■ **Exercise requirements**: Beneath this line are entries. Copy the range from the line with "the office - white" to the line with "Mango puree in", ends included, exactly; leave pictures out.

■ **Provided information**:
|---|

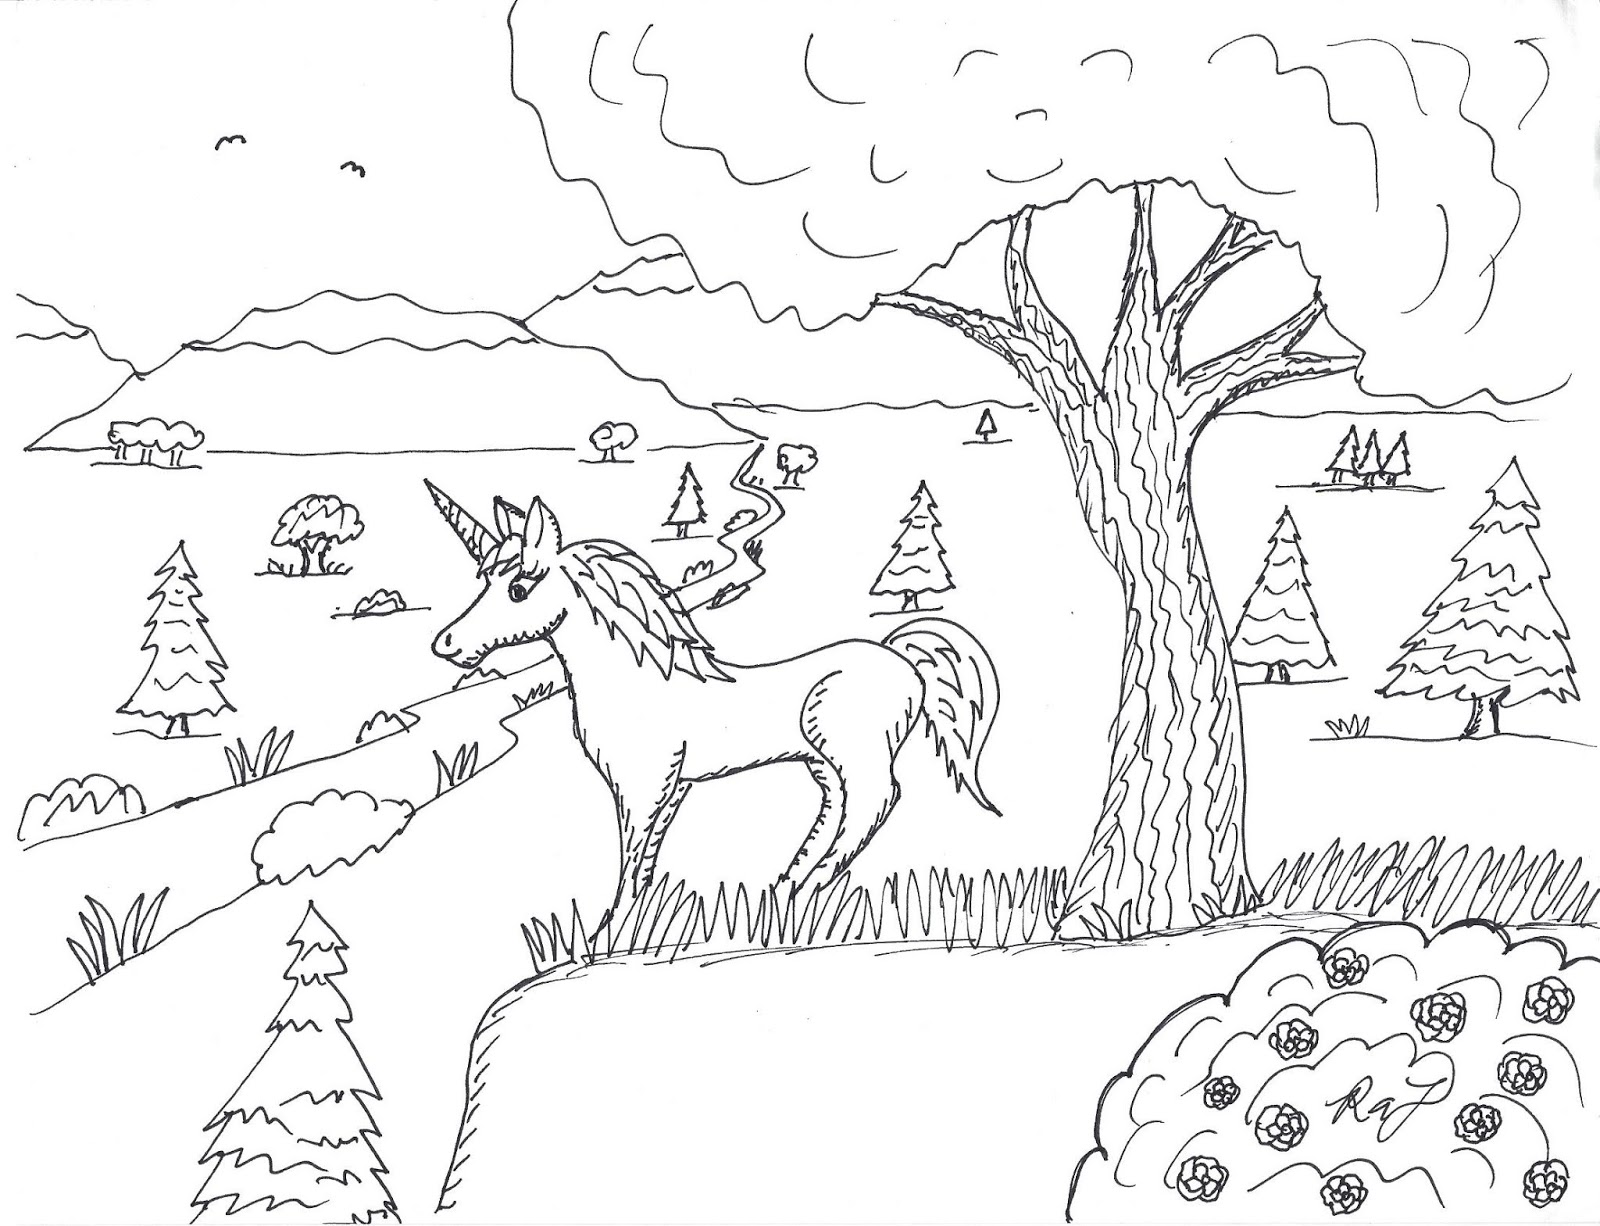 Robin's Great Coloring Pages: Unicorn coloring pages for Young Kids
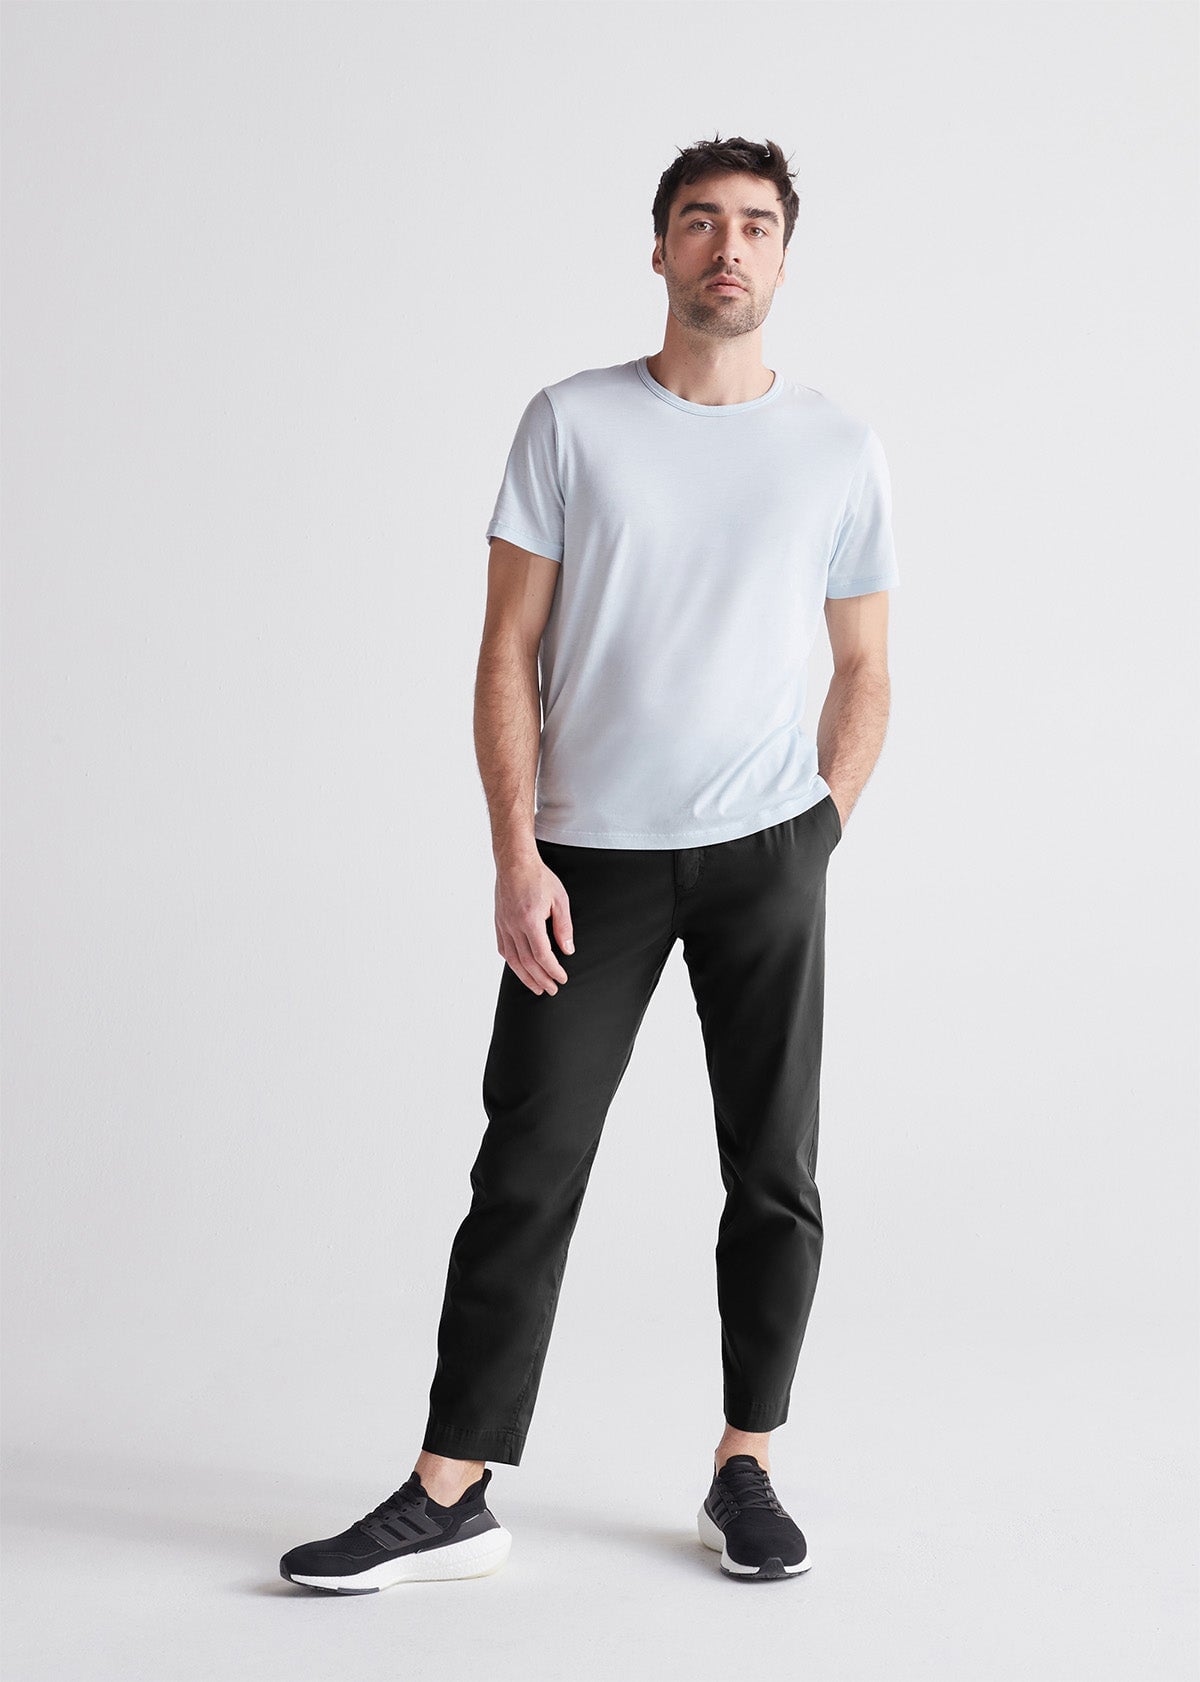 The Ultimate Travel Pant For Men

|---|

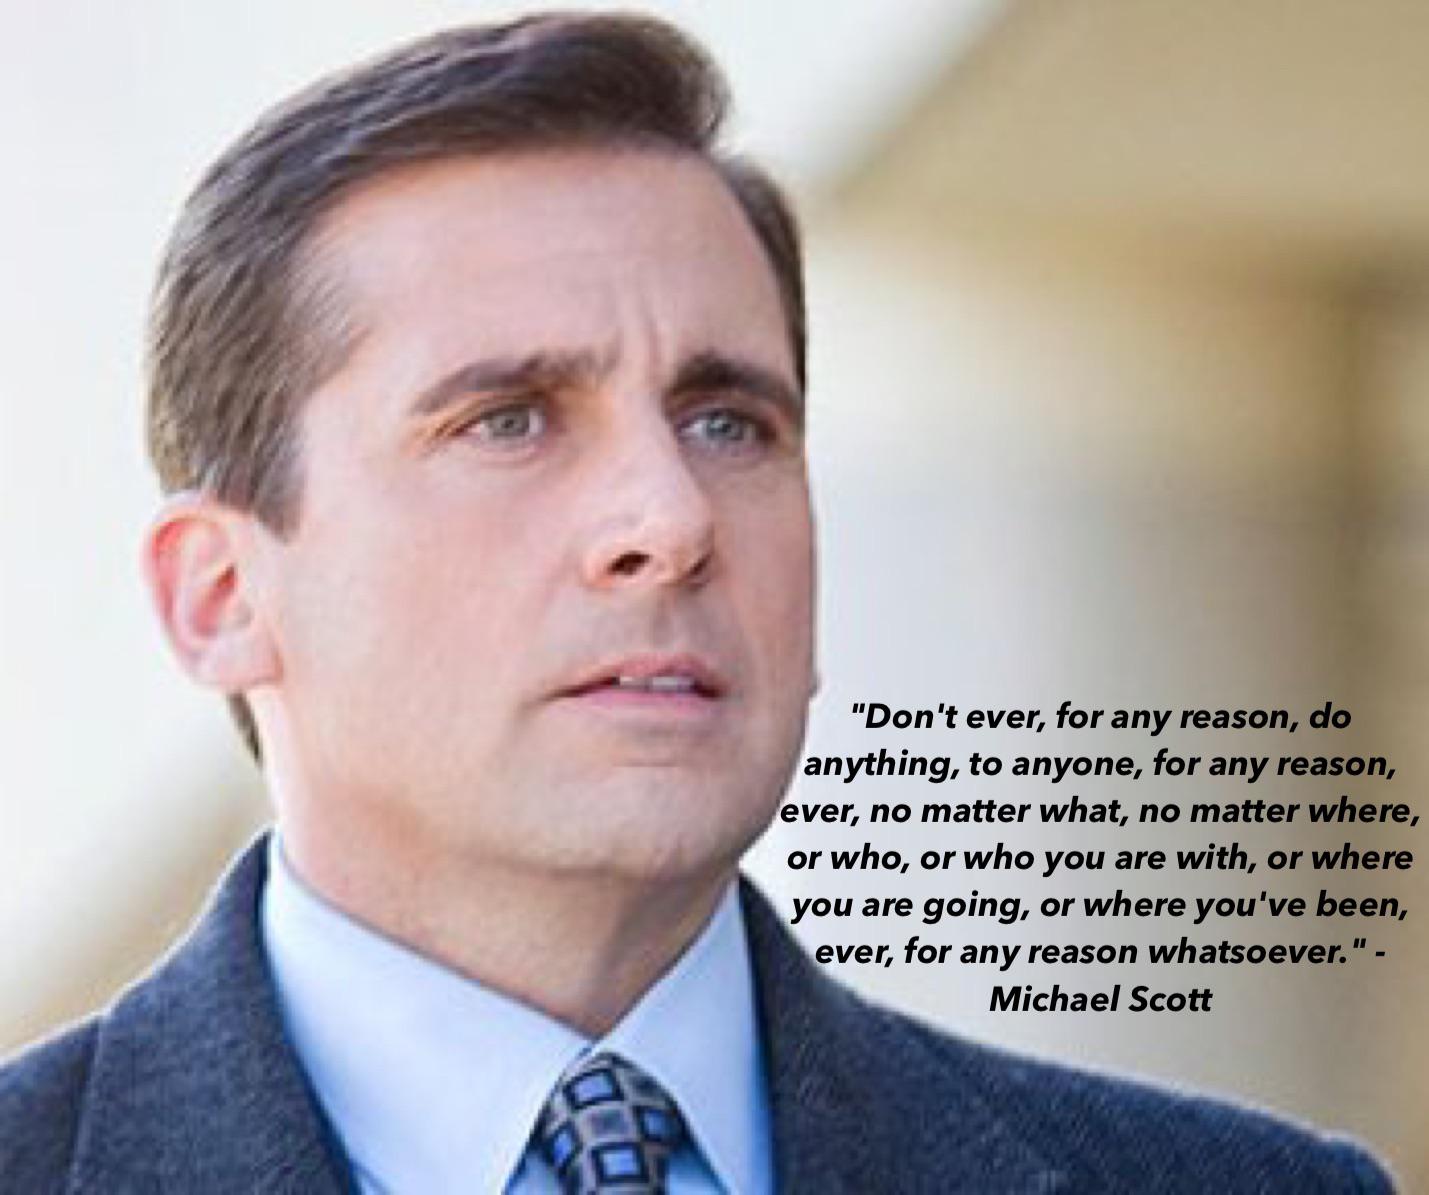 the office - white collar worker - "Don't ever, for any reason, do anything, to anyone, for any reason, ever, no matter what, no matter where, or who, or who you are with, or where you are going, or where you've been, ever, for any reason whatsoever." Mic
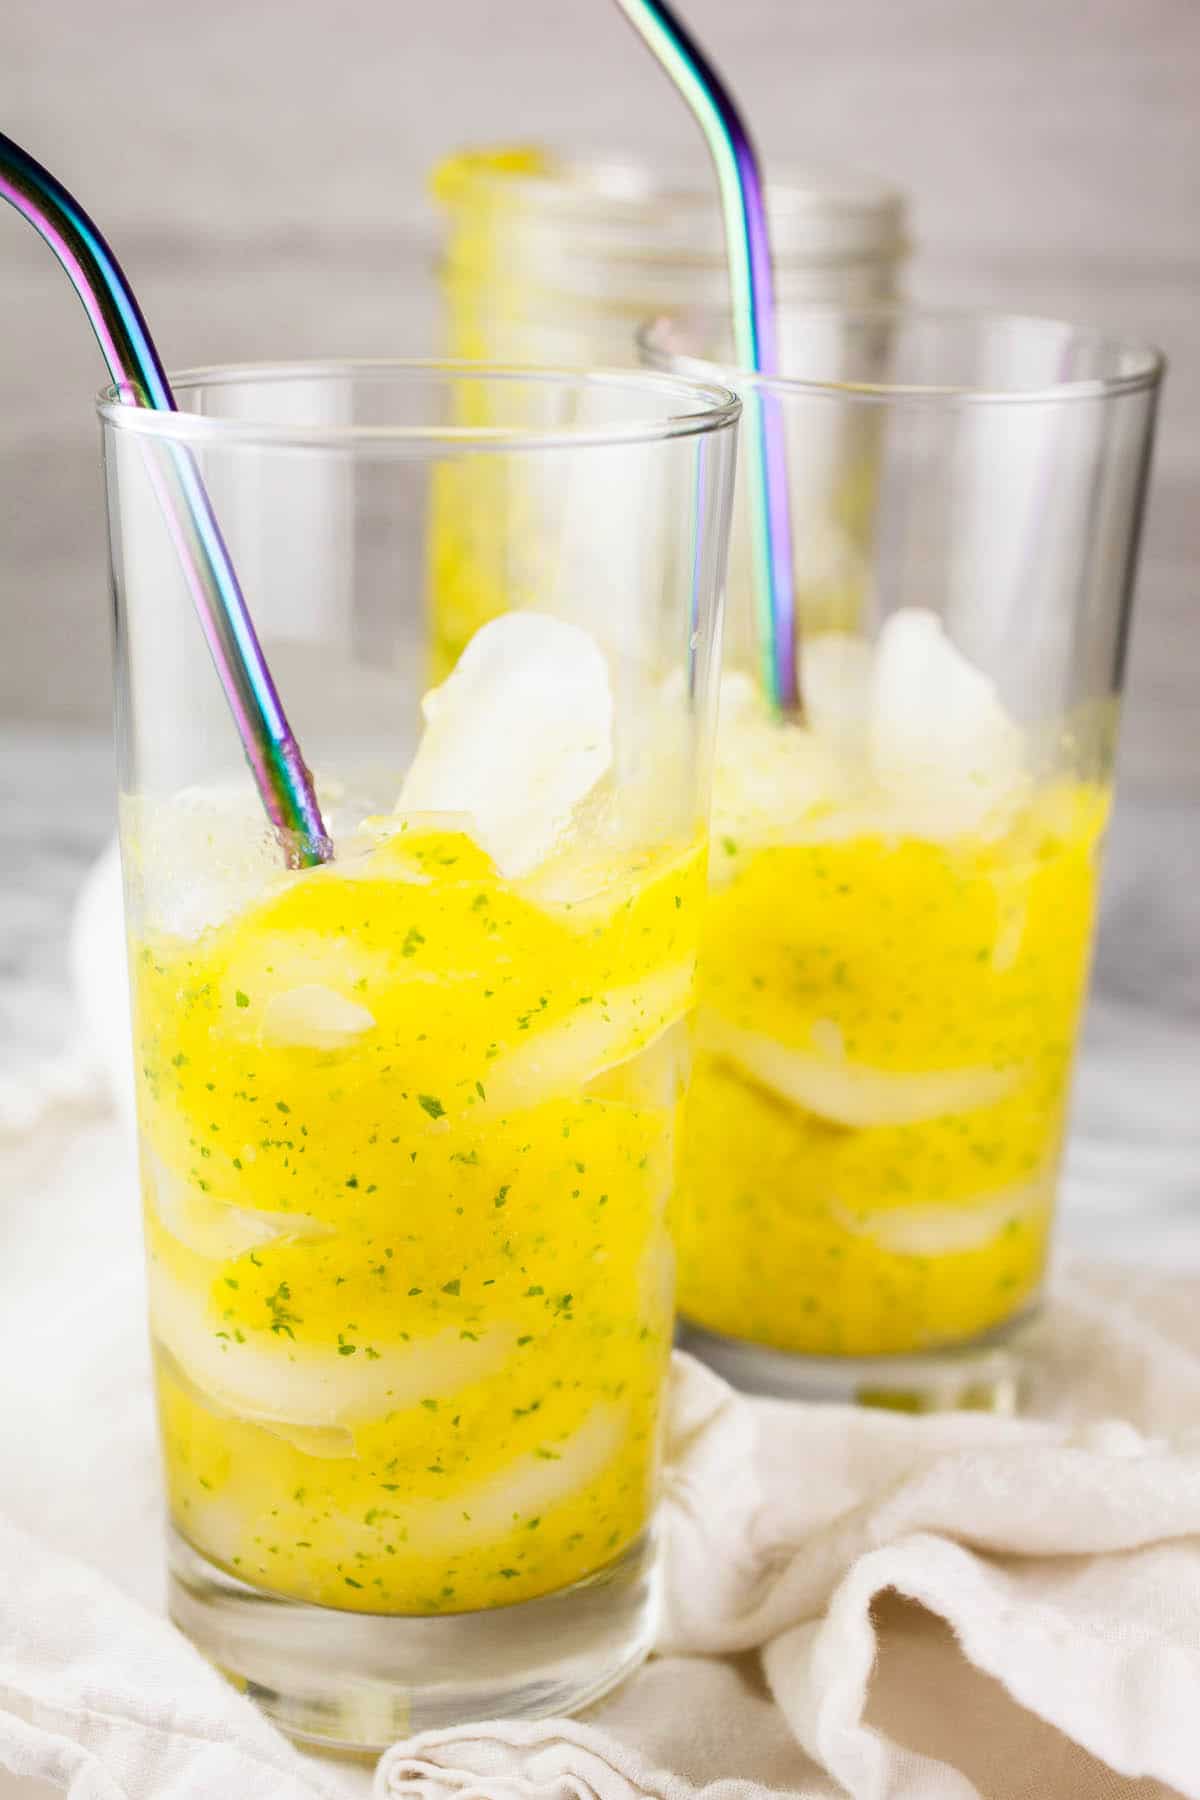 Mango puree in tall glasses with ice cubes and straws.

|---|

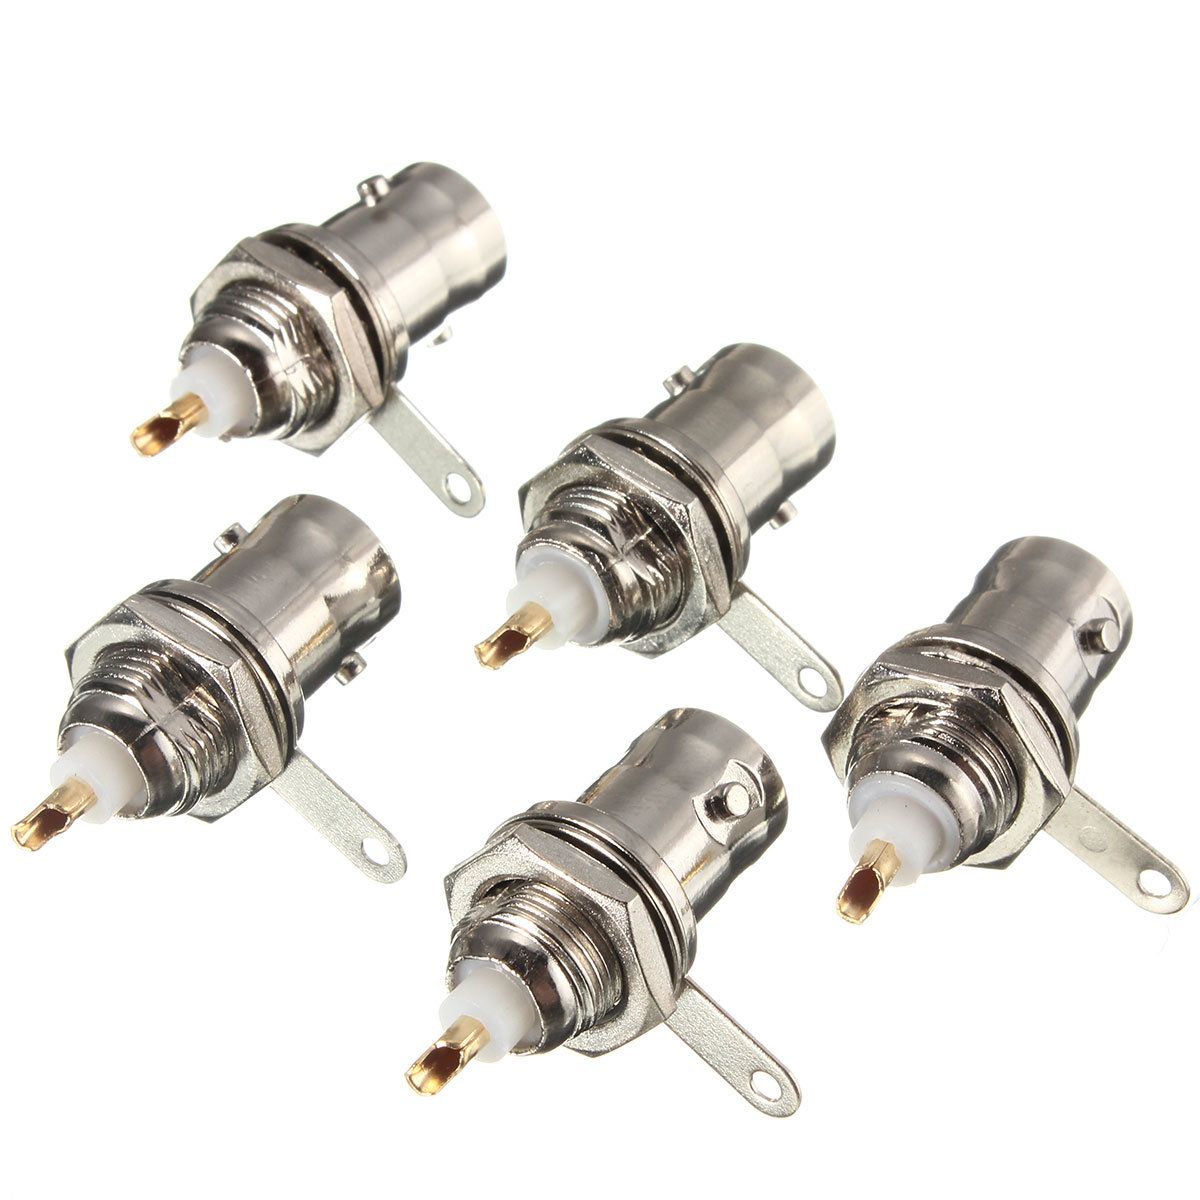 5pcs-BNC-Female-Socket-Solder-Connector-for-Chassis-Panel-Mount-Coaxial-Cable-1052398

|---|

■ **Written answer**:
 the office - white collar worker - "Don't ever, for any reason, do anything, to anyone, for any reason, ever, no matter what, no matter where, or who, or who you are with, or where you are going, or where you've been, ever, for any reason whatsoever." Mic
 Mango puree in tall glasses with ice cubes and straws.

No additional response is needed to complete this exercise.